Long story, everyone came over, his sister, her husband and their teen daughter. He thought he had bought a full service of workers to suit his every need. The large money was nice but got old after awhile, he was too much for all of them, they left his huge house and had to take care of themselves in a strange county. His lovely sister passed away soon after coming to the US, she was seriously ill but didn't know before coming to the states. Her husband moved to Germany and their only child stayed in the US. Sad stuff, the whole family was enticed by money but in the end it ruined the whole family.
62 years on earth, seen some stuff go down.

klsallee wrote:

.....
Your neighbor building a fence on your land is a civil issue. Bulldozing that same fence is a criminal issue (i.e. taking the law into your own hands) in Hungary. Sure that seems ridiculous, especially when you are the injured party who can not use your own land, but that is the law here.  :|


It's actually my fence. 

I could - I would think - burn it down, bulldoze it, blow it up, paint it purple or psychedelic colours. 

I am reminded of General Noriega stuck in the Vatican Embassy in Panama. I need some psychological warfare.

The neighbour has a potentially nasty dog but it seems quite friendly to me  at the moment. Might not be so friendly if I take the fence down.

fluffy2560 wrote:

It's actually my fence.


Ah. Well That is different.

Burn it down and rebuilt it 1 meter from their house. Let them sue you to remove it. **

** Just kidding of course....

Get some bacon and keep it on hand at all times, the dogs will love you for it!
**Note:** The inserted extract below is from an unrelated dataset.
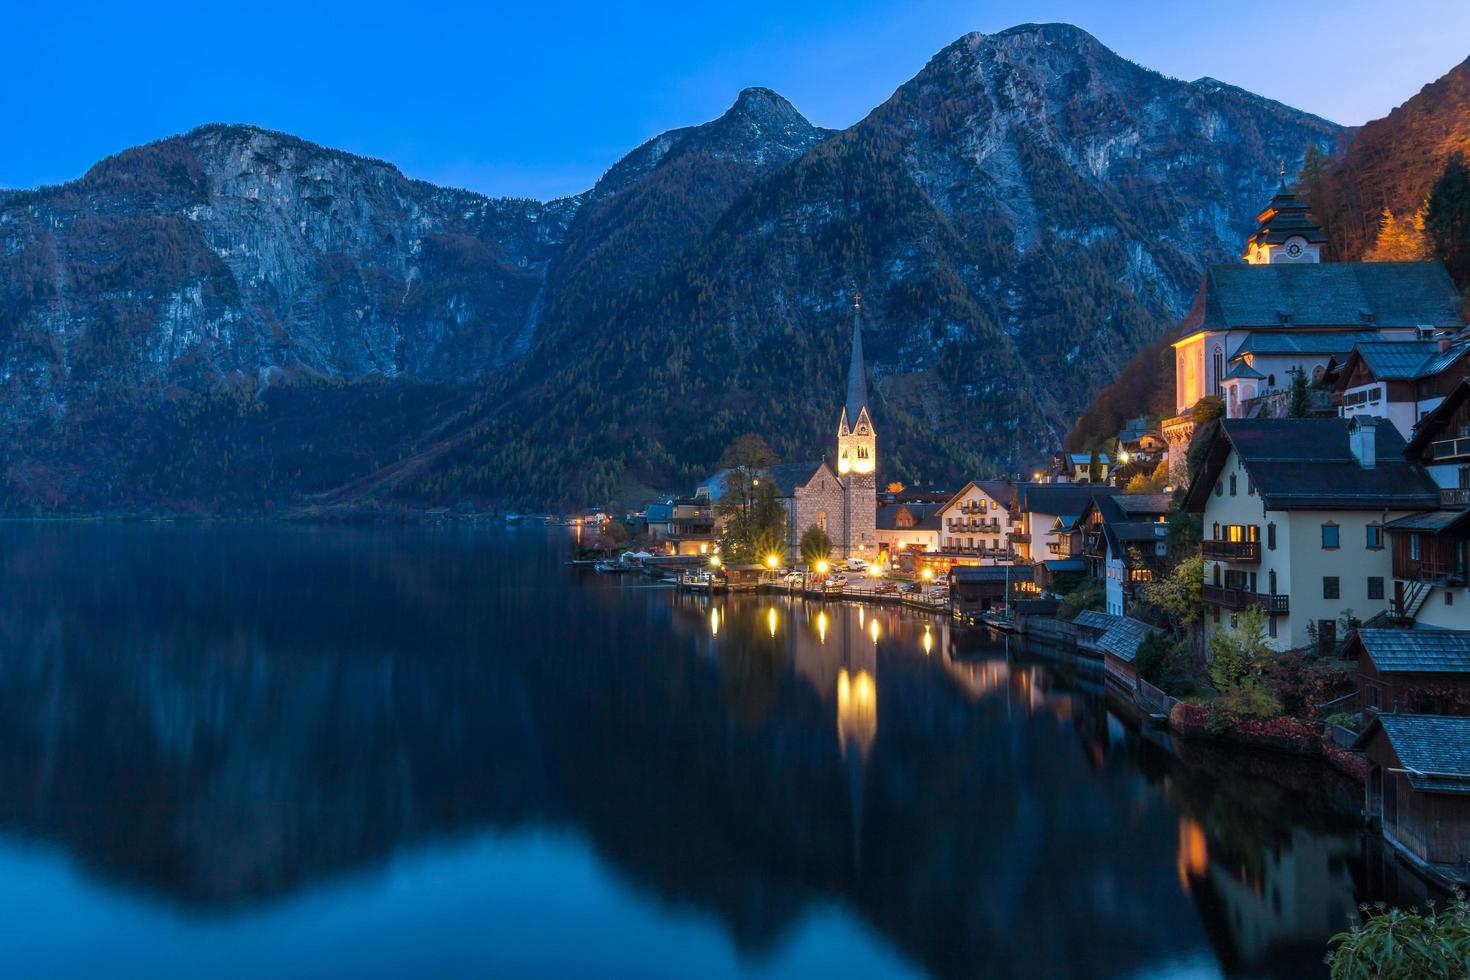 Hallstatt Mountain Village en la noche desde el clásico mirador de postal salzkammergut austria foto

But seriously you need a contract on any house you build on land that isn't yours.
Know your legal rights if for some reason in the future you have issues with your step-son and he wants you gone.
I know things may be lovey dovey right now but sadly sometimes things go wrong.
hate to see you invest in property and have no legal claim to be on the land.
Even my husband made up a contract with his mother, we paid for her monthly upkeep and had a lawyer handle it all for us. She didn't need the funds but legally we still needed a contract to inherit half of her house, she had written one child out and the other was after everything.
I have never seen how ugly things can get until I saw how some people do things over here in HU. When it comes to money all blood ties are worthless.
If you plan on only renting from your step-son that is not as big a deal as you parting with your funds to build a house on land that is not yours.

Marilyn Tassy wrote:

Know your legal rights if for some reason in the future you have issues with your step-son and he wants you gone.
I know things may be lovey dovey right now but sadly sometimes things go wrong.
hate to see you invest in property and have no legal claim to be on the land.


An excellent point.

To keep one's rights to live on someone else's land one must go to the land office and put into the land paper (with the land owners permission) that one has "lifetime use and living rights" to the property. Without this one's rights to live on or use the land is tenuous at best.

And any relationship, even between parents and children, can sour.